L’eccesso di informazione viene spesso considerato una caratteristica esclusiva dell’epoca digitale, conseguenza dell’espansione della rete, dei social e oggi dell’intelligenza artificiale. In realtà accompagna la storia della cultura occidentale fin dall’antichità. Già filosofi e moralisti si interrogano sulla difficoltà di orientarsi tra troppi libri e sulla necessità di distinguere ciò che merita di essere conservato da ciò che può essere dimenticato. La nascita della stampa rende ancora più urgente il problema, favorendo nuove pratiche di organizzazione del sapere: il recupero dei manoscritti, gli schedari, le raccolte, gli estratti, i repertori, le enciclopedie. Accanto all’ambizione di costruire biblioteche sempre più vaste si sviluppa una tradizione opposta, che diffida dell’accumulo indiscriminato e rivaluta il valore della selezione, della sintesi e dell’oblio. Umanisti, enciclopedisti, filosofi e scrittori elaborano differenti modi di convivere con una memoria destinata a espandersi senza sosta. Attraverso figure che vanno da Platone a Petrarca, da Diderot e Voltaire fino a Roland Barthes e Montaigne, prende forma una lunga riflessione sul rapporto fra libri, conoscenza e memoria, nella quale leggere non significa possedere tutto il sapere disponibile, ma imparare a scegliere, organizzare e trasformare l’esperienza della lettura in una forma di conoscenza realmente fruibile…

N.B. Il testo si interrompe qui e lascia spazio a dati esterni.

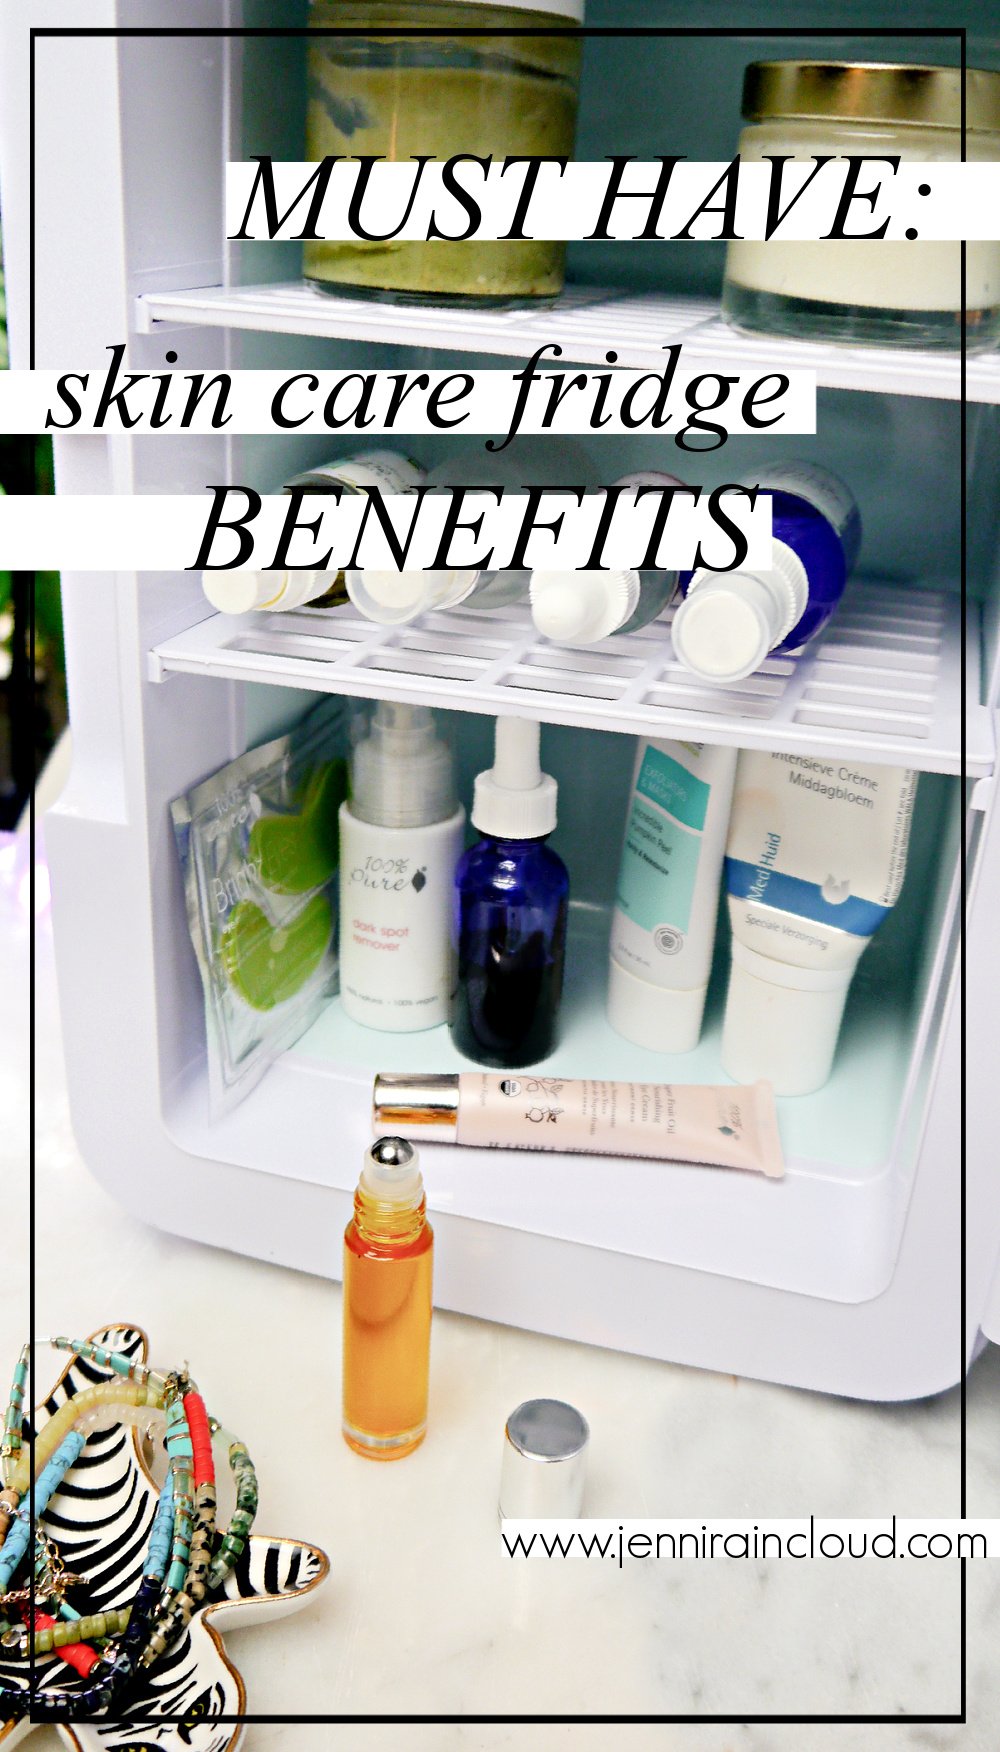 Benefits of a Skin Care Fridge Pinterest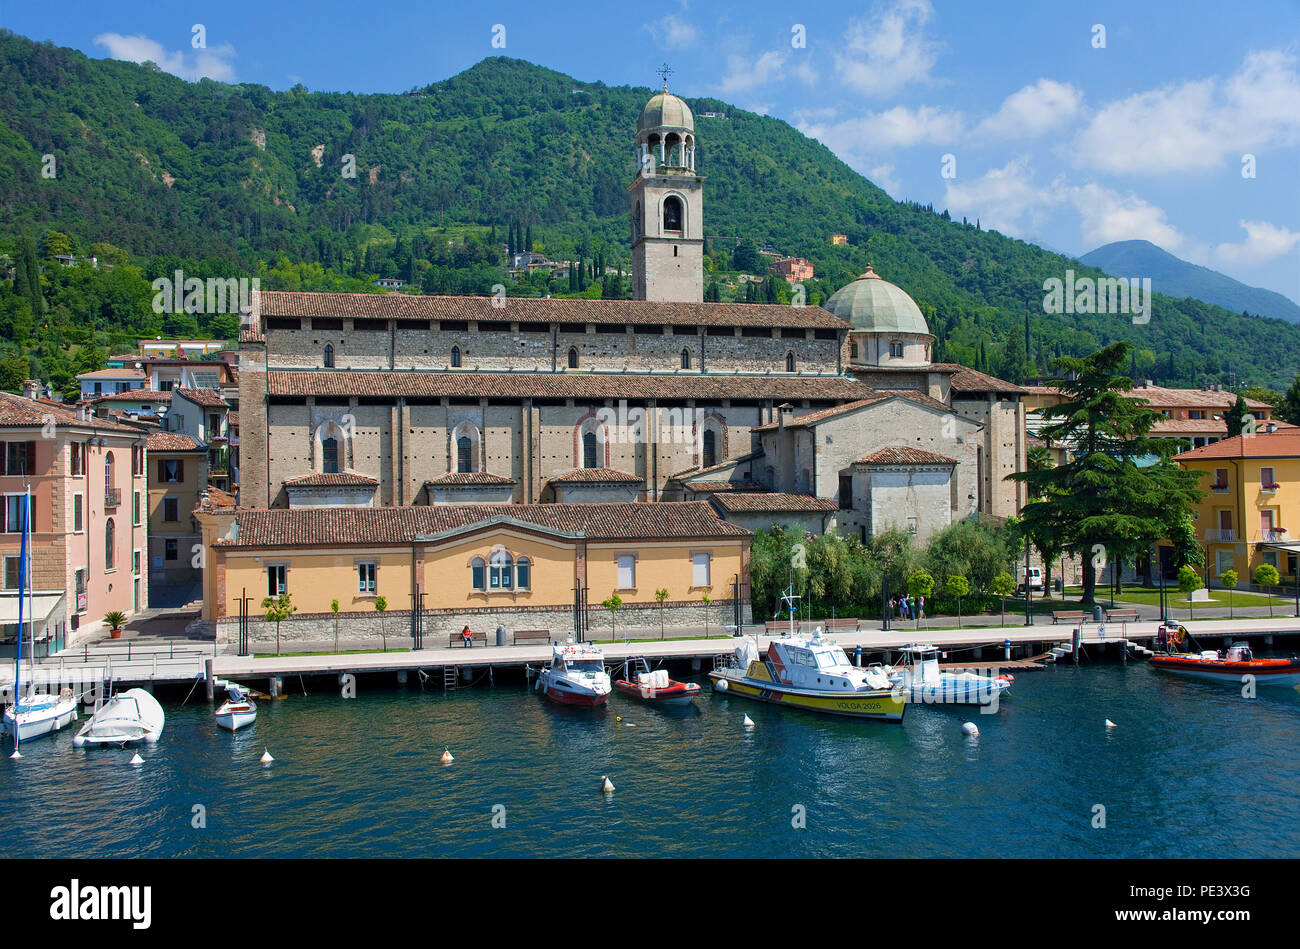 Cathedral Santa Maria Annunziata at the town Salò, province Brescia, Lake Garda, Lombardy, Italy Stock Photo

Con Un saper leggero. Breve storia dell’eccesso di informazione, Xavier Nueno ricostruisce una genealogia culturale dell’information overload, mostrando come la difficoltà di orientarsi nell’abbondanza dei testi sia una costante della civiltà occidentale. I sei capitoli seguono un percorso coerente: dalla nascita del problema alla costruzione dei grandi sistemi di conservazione, dalle tecniche di organizzazione del sapere alla tradizione della diffidenza verso la scrittura eccessiva, fino all’Illuminismo e alla proposta conclusiva di una “biblioteca dell’amateur”, nella quale la lettura rinuncia all’illusione dell’esaustività. Il volume tratta storia del libro, filologia, filosofia, teoria della lettura e storia delle idee, sostenuto da un apparato bibliografico ampio che tocca studi classici e contemporanei. La biblioteca si configura come luogo in cui memoria e oblio si implicano reciprocamente. Il “saper leggero” del titolo non indica semplificazione o superficialità, bensì la capacità di selezionare, sintetizzare e accettare i limiti della memoria, riconoscendo che ogni forma di sapere nasce tanto da ciò che si conserva quanto da ciò che inevitabilmente si lascia cadere nell’oblio.